Telstra working on 1Gbps commercial network speeds with Ericsson, Qualcomm

Ericsson has announced a demonstration in partnership with Telstra and Qualcomm of 4x4 spatial multiplexing multiple-input multiple-output (MIMO) combined with 256 Quadrature Amplitude Modulation (QAM), which it claims has established the foundation for commercial network download speeds of up to 1Gbps.

During the experiment, the companies combined 4x4 MIMO with 256 QAM using the Qualcomm Snapdragon X12 LTE modem, Ericsson Networks Software 16B for LTE, and Telstra's commercial network.

The combination currently achieves peak downlink data speeds of up to 380Mbps, but the technology is expected to reach download speeds of 1Gbps in the future.

According to Ericsson, 4x4 MIMO results in doubling peak rates without the need for additional spectrum, while 256 QAM boosts this peak rate even further.

"Activating new advanced network and operational capabilities such as 4x4 MIMO with 256 QAM provides operators with a more solid and secure network performance, enabling digitalisation opportunities to everyone, everywhere," said Thomas Norén, VP and head of Radio Product Management at Ericsson.

The companies noted that 4x4 MIMO with 256 QAM should be supported on smartphones from 2016.

"We are constantly looking to enhance our customers' user experience, and 4x4 MIMO will be an important addition to our mobile network speeds and capacity," said Mike Wright, Telstra group managing director of Networks.

"This next step in device evolution, achieved by Ericsson and Qualcomm, shows 4x4 MIMO with 256 QAM in combination. This brings us even closer to offering 1Gbps capabilities to our customers."

Telstra and Ericsson also announced in November that they had attained speeds of 1Gbps during live commercial 4G mobile trials by aggregating five spectrum bands in a world first.

During the test, 100MHz of spectrum was aggregated across the 700MHz, 1800MHz, 2100MHz, and 2600MHz (2x 20MHz) bands, and delivered to a Cobham Aeroflex TM500 mobile device.

"Our end-to-end tests have been achieving amazing download speeds of over 950Mbps using a specialised speed test application," Wright said in a blog post.

"Just as importantly, we have also been able to hit speeds of over 843Mbps end to end over the internet to the speedtest.net site."

According to Ericsson, five-carrier aggregation provides the foundation for 5G, which will require the aggregation of higher-frequency bands. The high speeds also allow for better and more reliable coverage with mobile devices.

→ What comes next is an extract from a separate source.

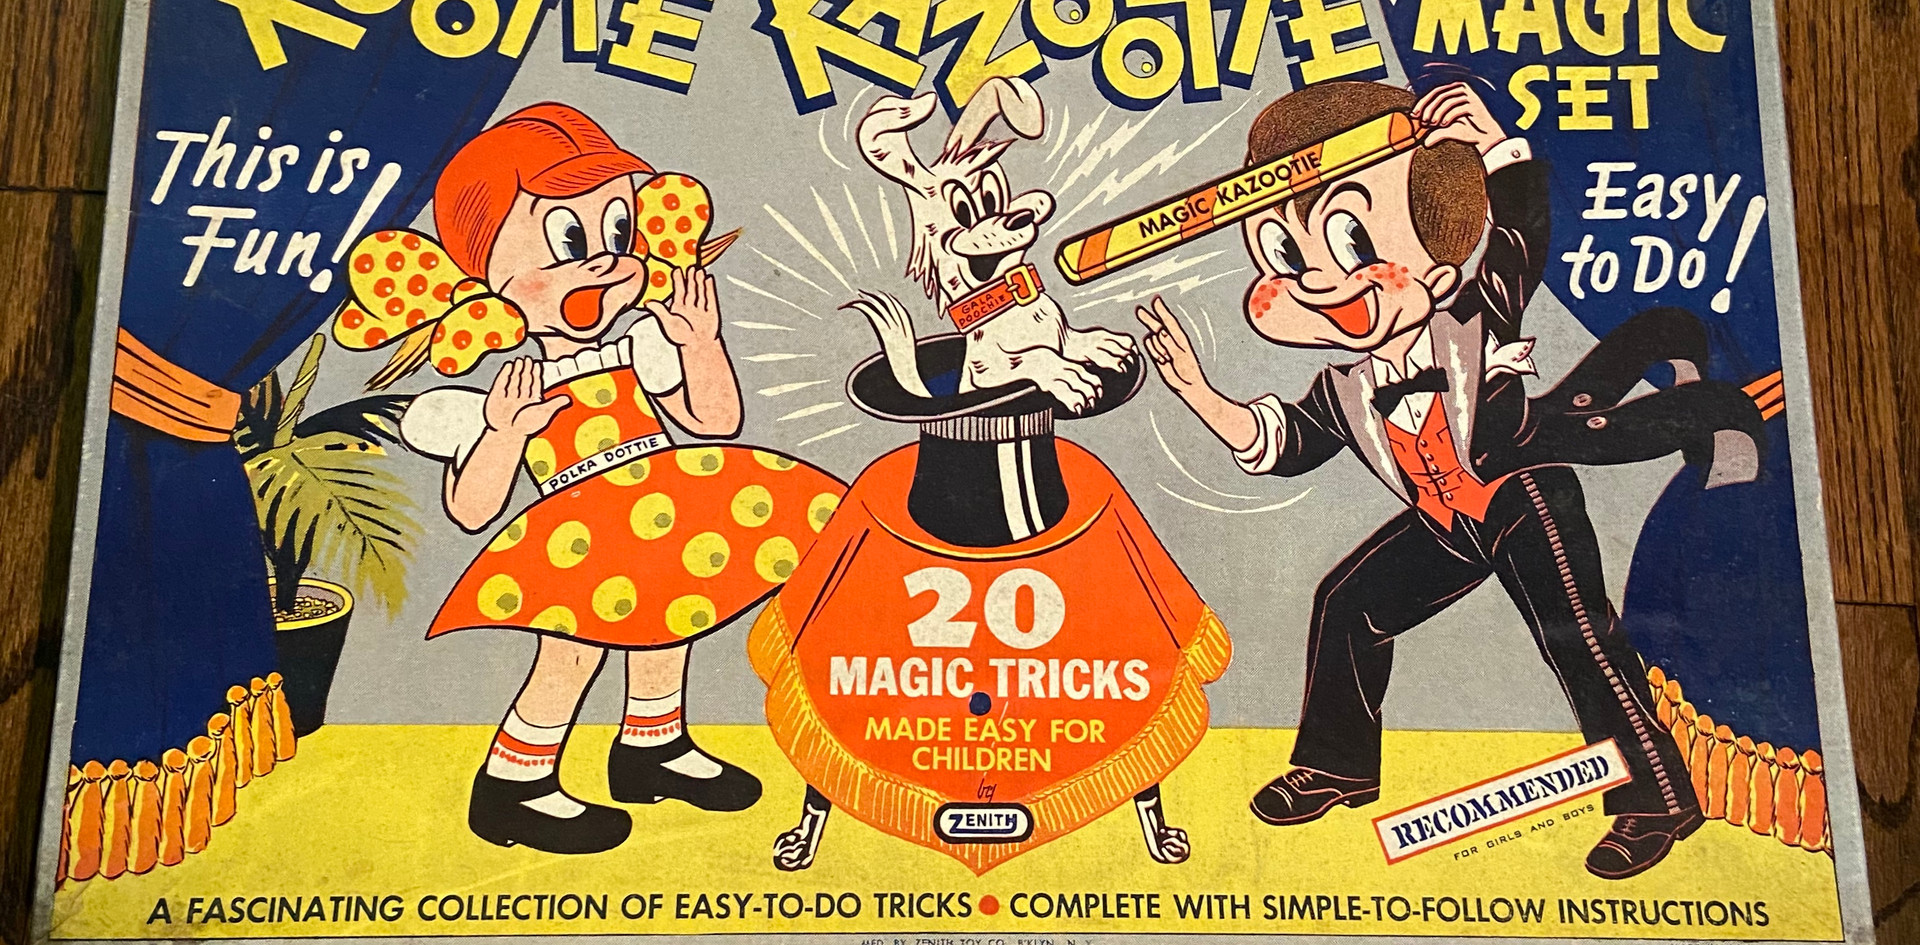 Rootie Kazootie Magic Set
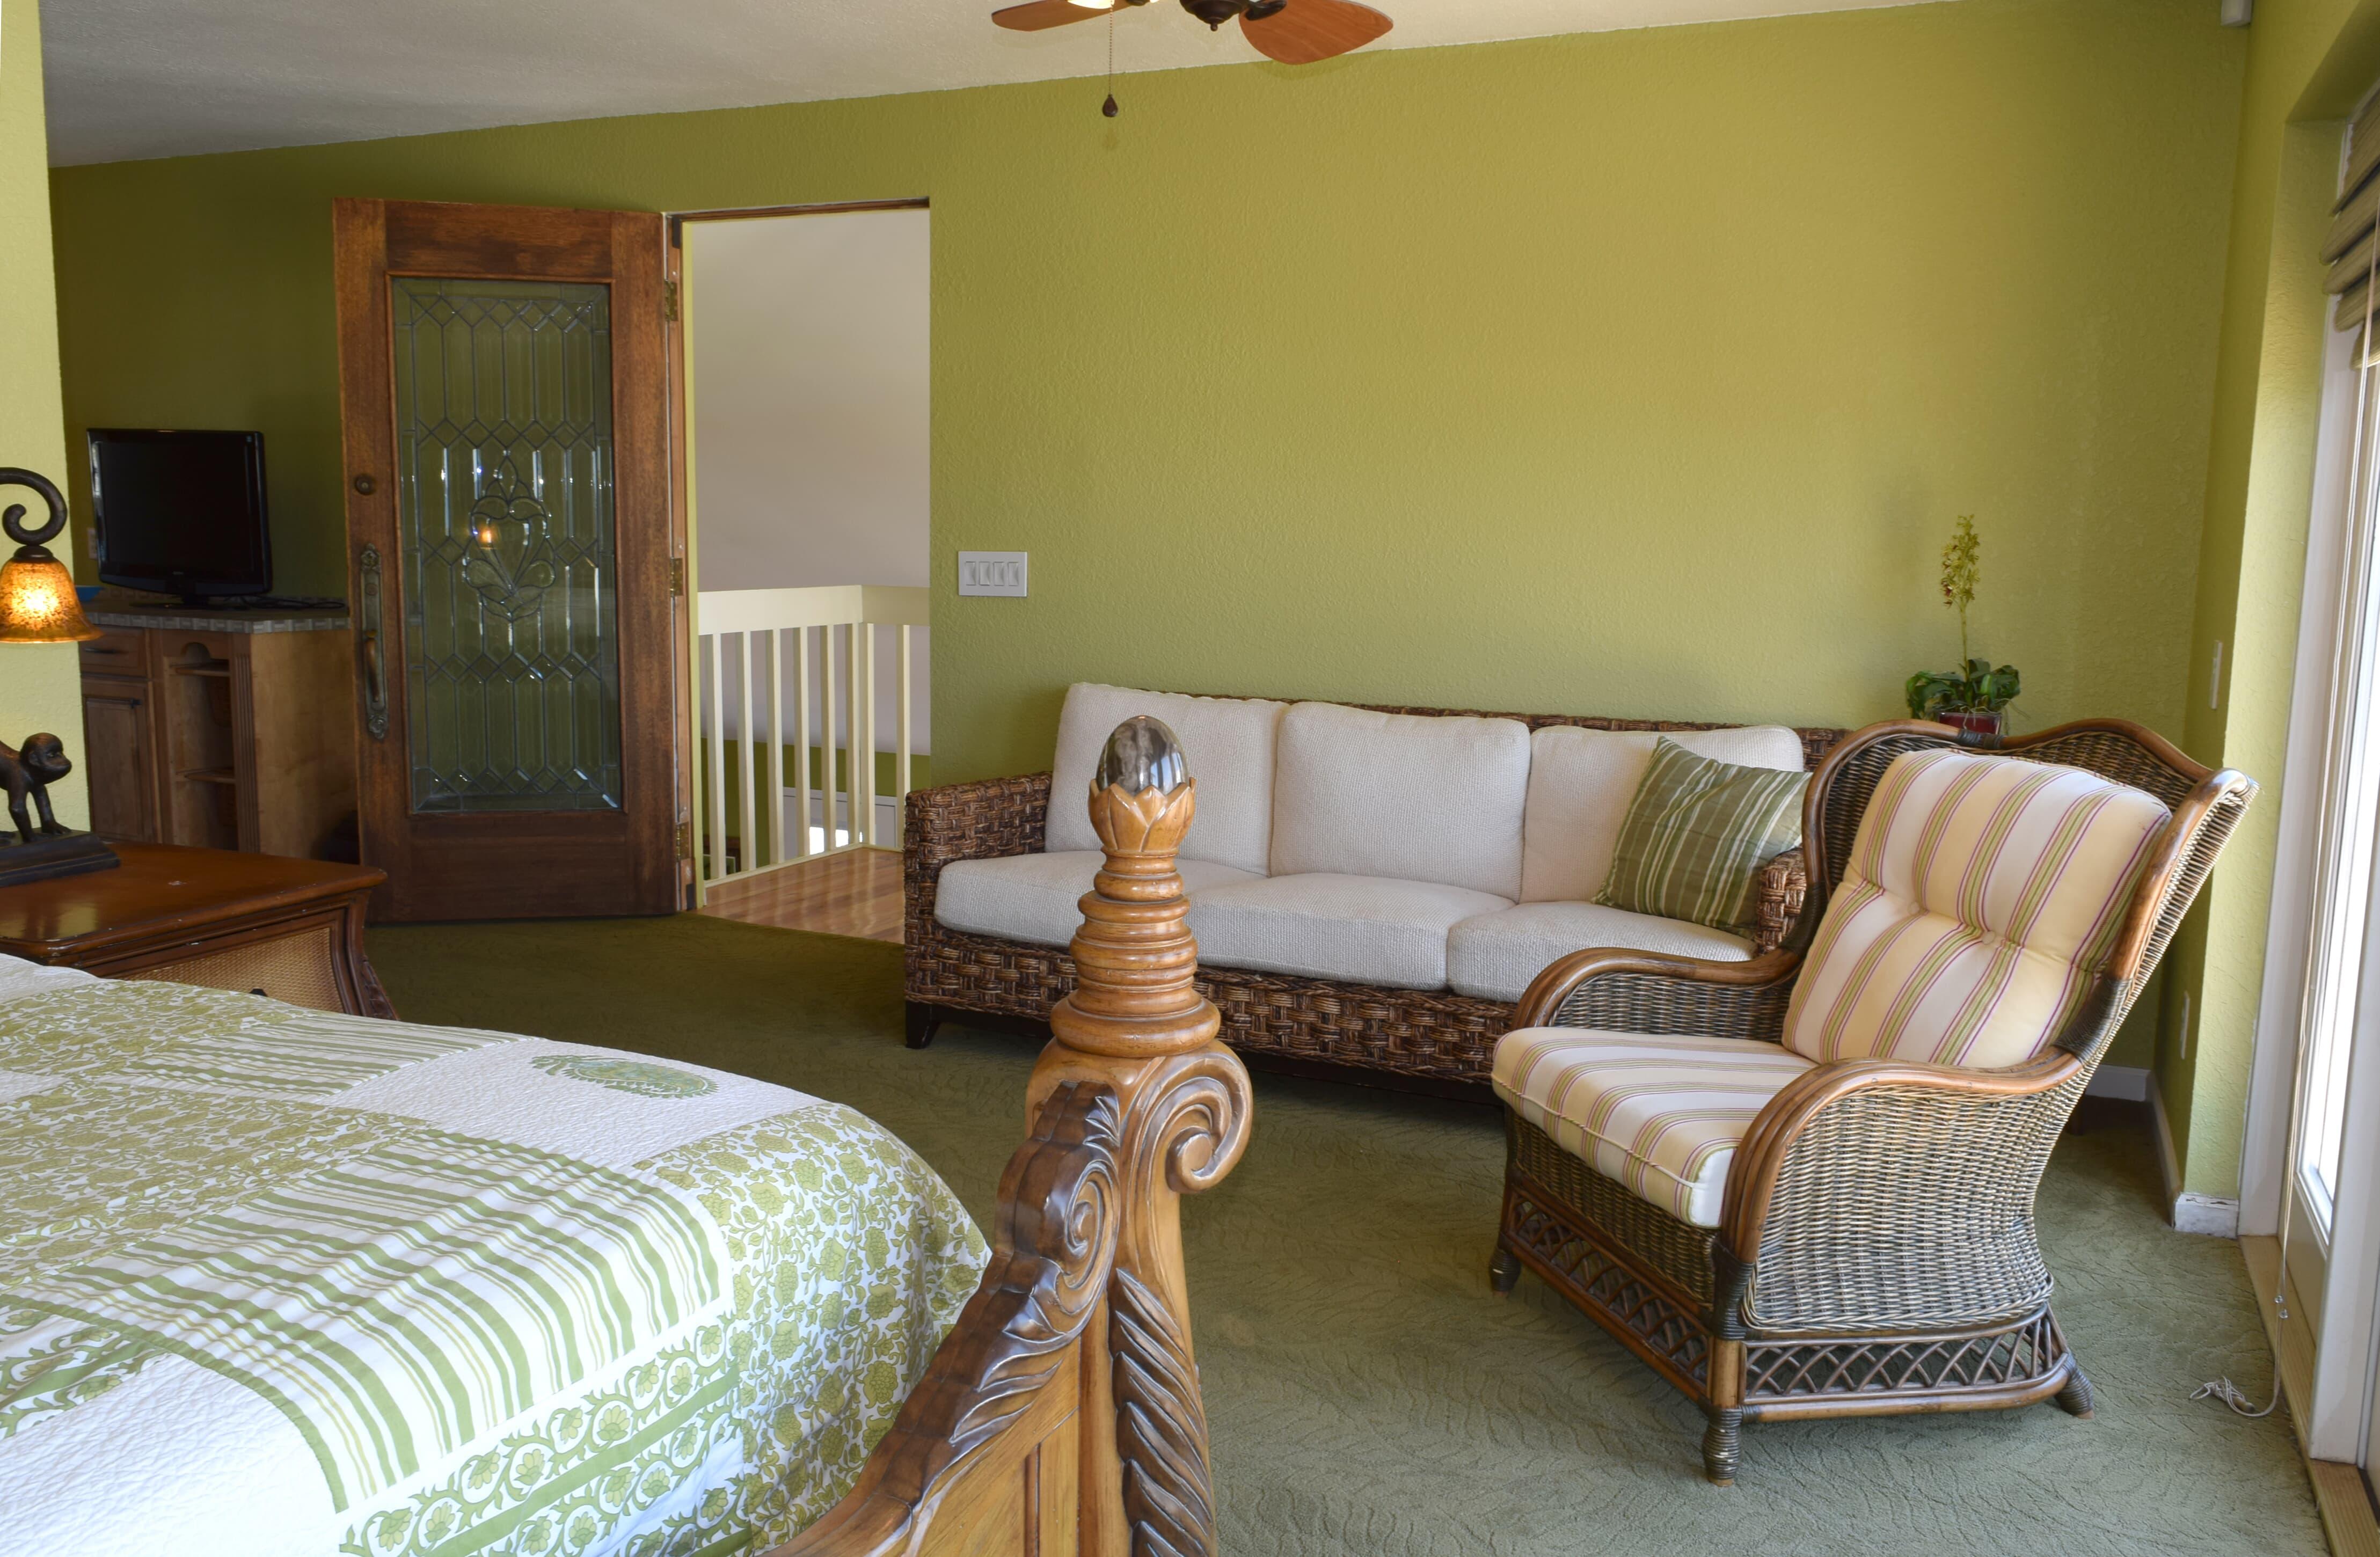 Maldonado 1010 House/Cottage rental in Pensacola Beach House Rentals in Pensacola Beach Florida - #15

Last month, Alcatel-Lucent's research arm, Bell Labs, similarly announced that ongoing testing of its 6x6 MIMO system could see the company attain speeds of 1 petabit per second in time for the arrival of 5G and the Internet of Things.

In what the company called a "major breakthrough", a trial of its prototype real-time space-division multiplexed optical MIMO transmission technology saw Bell Labs successfully remove for the first time crosstalk from multiple signals on the fibre supporting the six parallel optical signal paths using real-time processing.

"This experiment represents a major breakthrough in the development of future optical transport," Marcus Weldon, CTO of Alcatel-Lucent and president of Bell Labs, said.

"We are at the crossroads of a huge change in communications networks, with the advent of 5G wireless and cloud networking under way. Operators and enterprises alike will see their networks challenged by massive increases in traffic. At Bell Labs, we are continuously innovating to shape the future of communications networks to meet those demands."

The successful experiment used six transmitters and six receivers alongside real-time digital signal processing over coupled fibre stretching 60km in Bell Labs' global headquarters in New Jersey.

The arrival of 5G in 2020 will bring with it a need for petabit-per-second speeds, the company said, with demand to outstrip current capacity. Bell Labs' MIMO technology could see today's 10Tbps to 20Tbps increase to 1 petabit per second -- the equivalent of 1,000Tbps.